----- Data extract

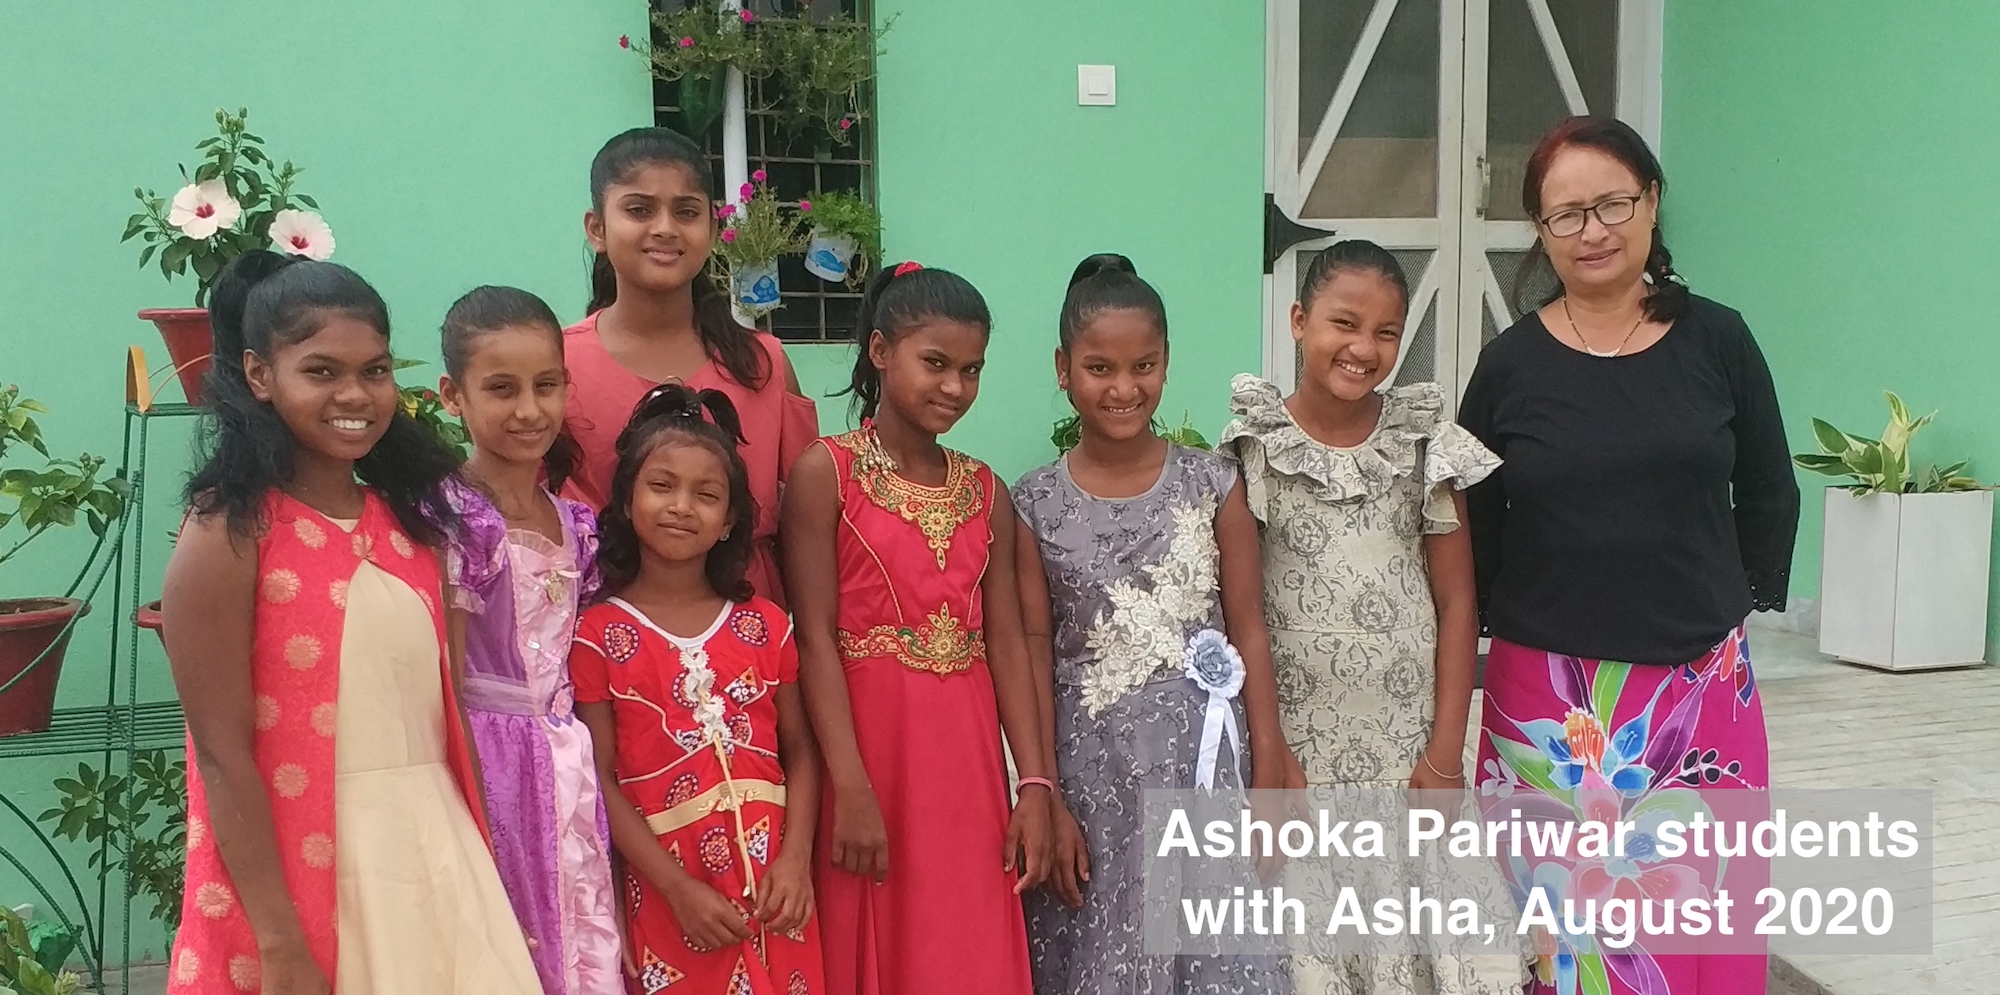 7 girls and Manager Asha Pradhan outside Ashoka Pariwar hostel, Lalgadh
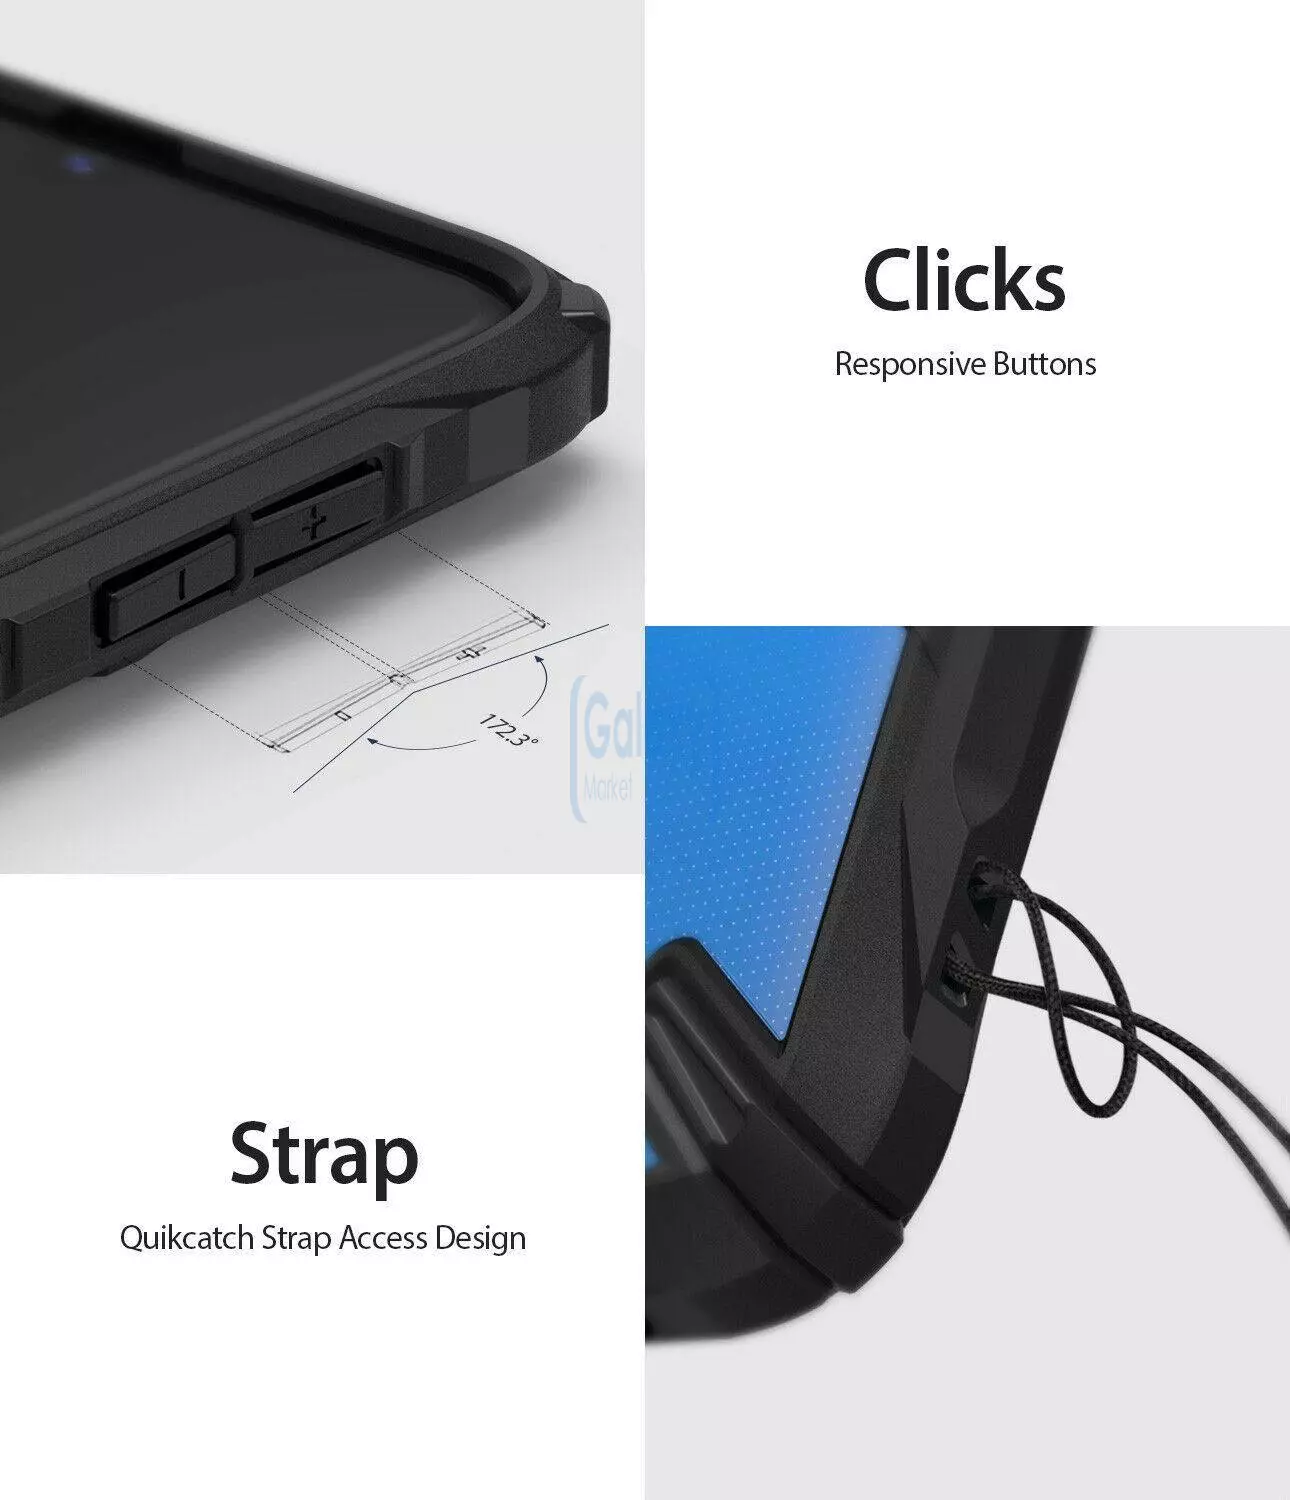 Чехол бампер Ringke Fusion-X для Samsung Galaxy A50 Black (Черный)
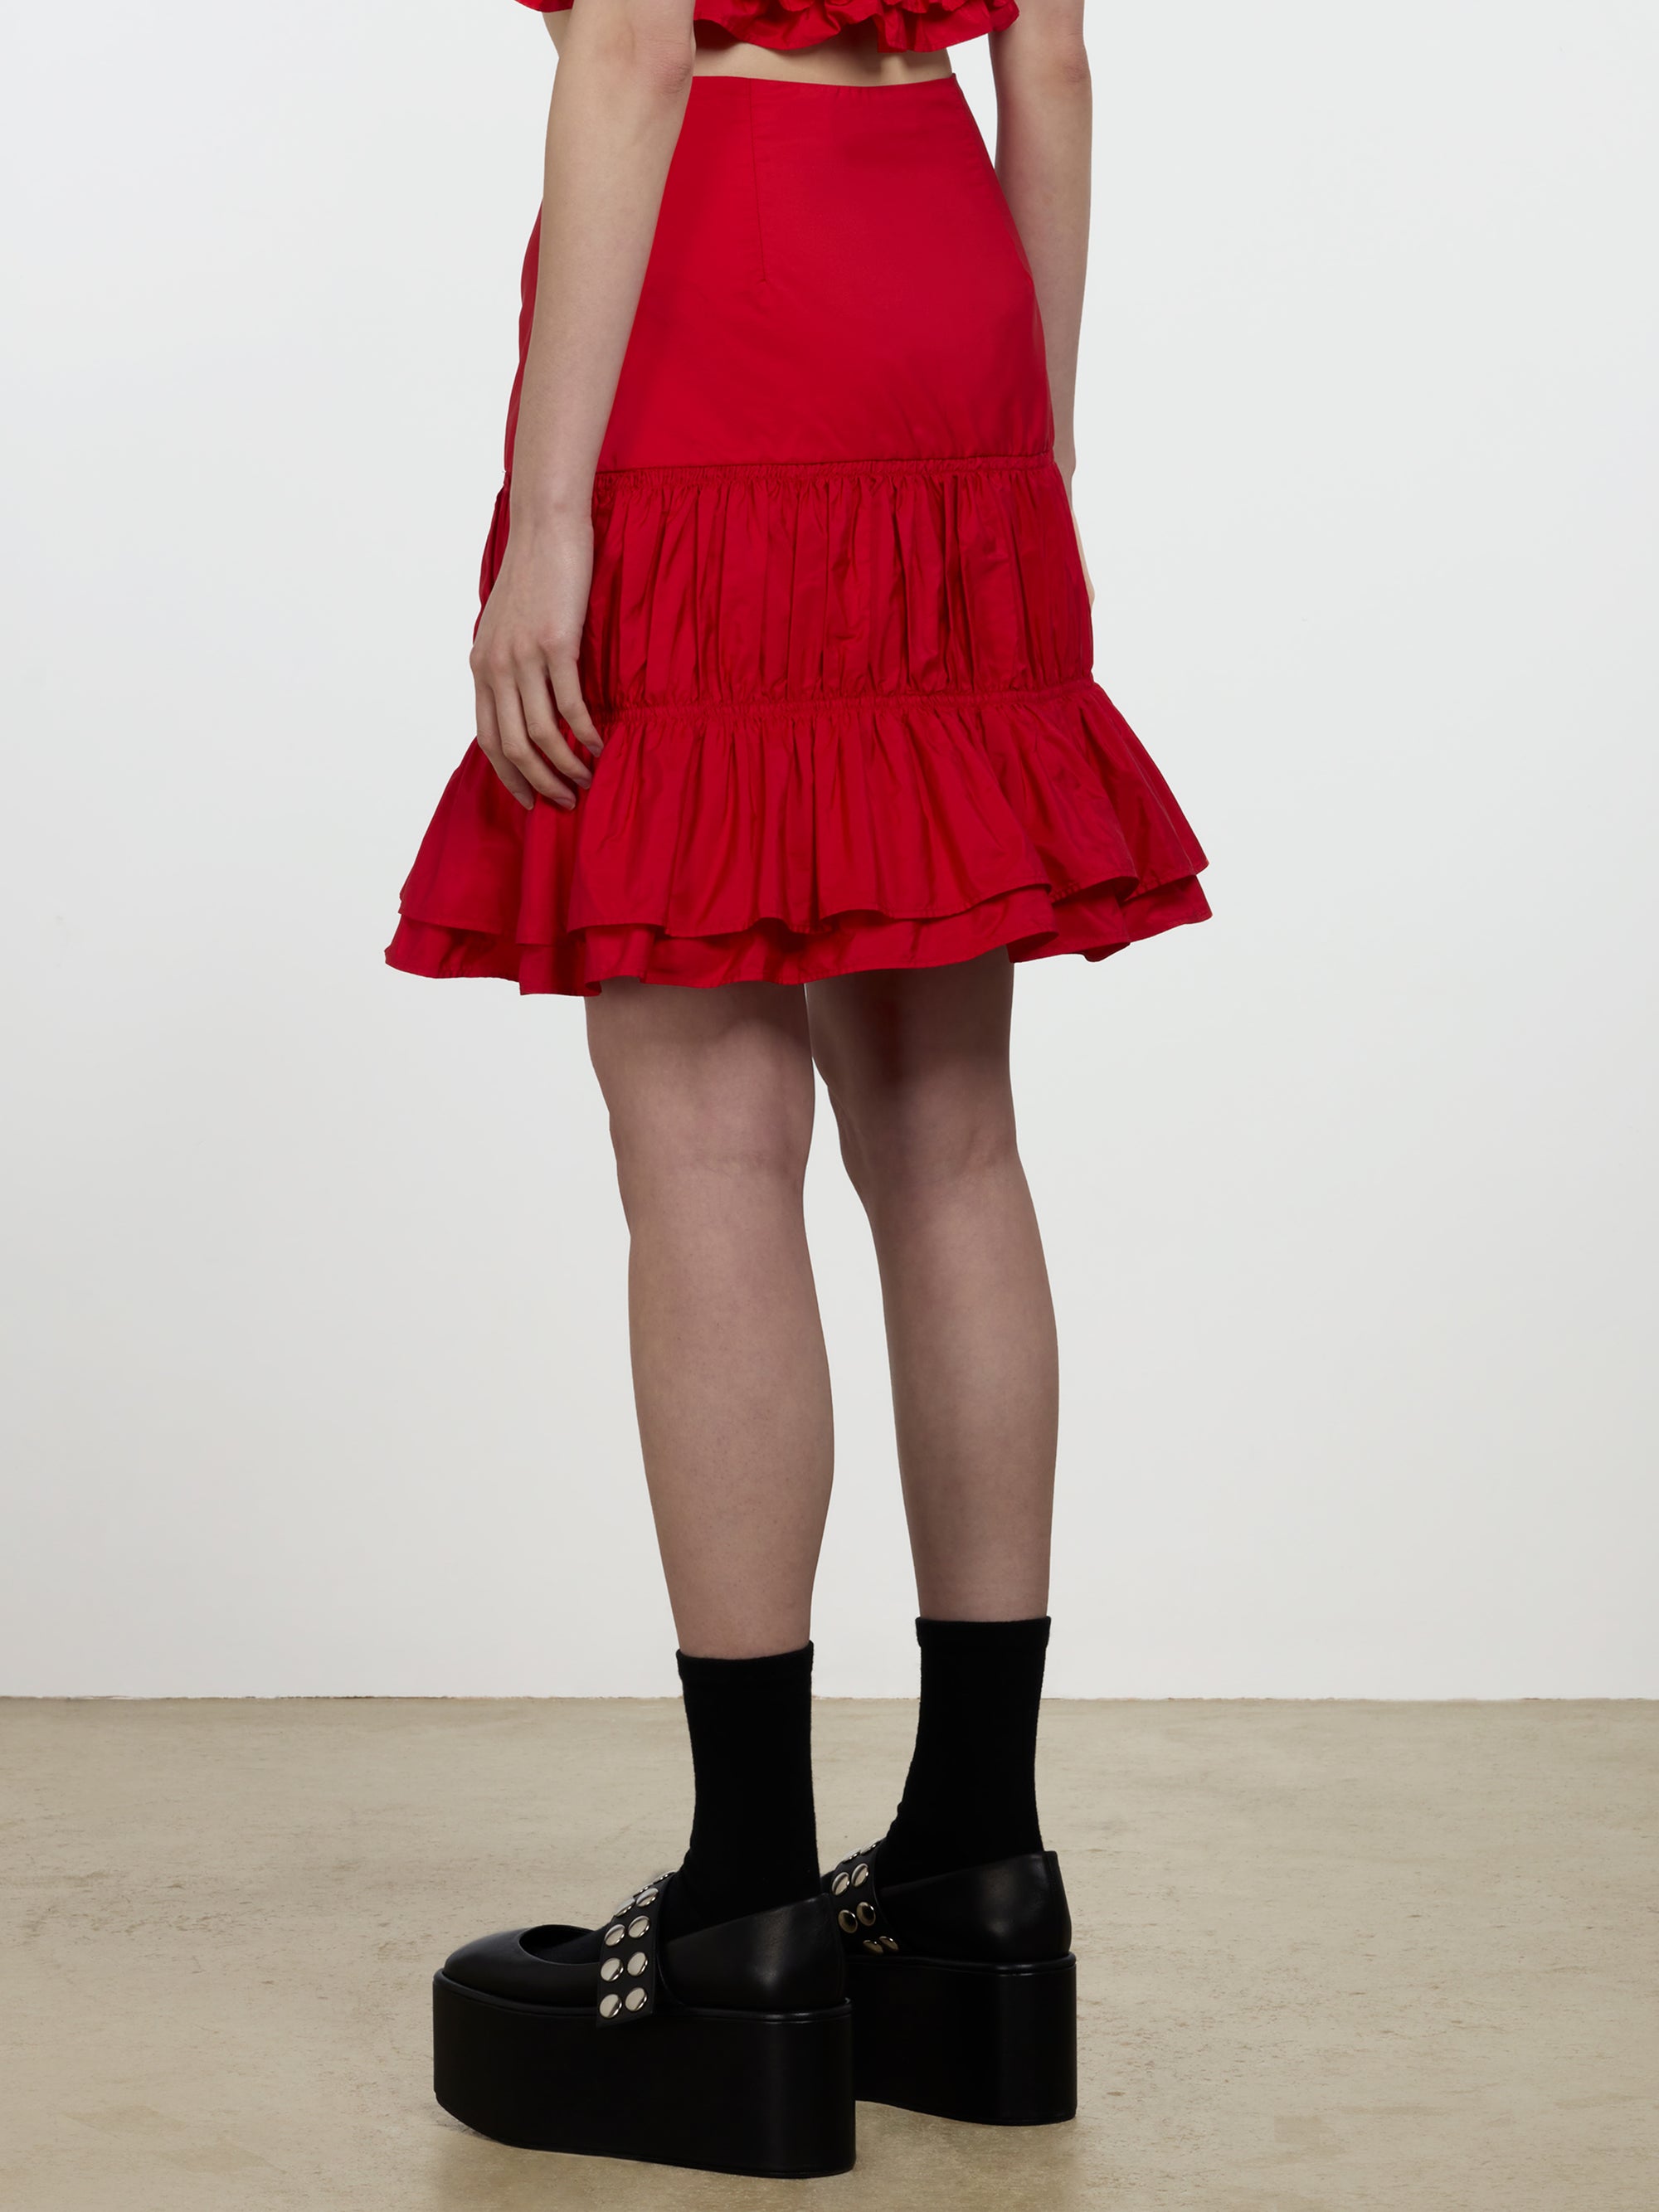 Molly Goddard - Carol Mini Skirt - (Red) view 3

----------

▶ **What you need to do**
Output all of the data exactly. Skip the pictures.

▶ **Exercise solution**
 7 girls and Manager Asha Pradhan outside Ashoka Pariwar hostel, Lalgadh
 Чехол бампер Ringke Fusion-X для Samsung Galaxy A50 Black (Черный)
 Molly Goddard - Carol Mini Skirt - (Red) view 3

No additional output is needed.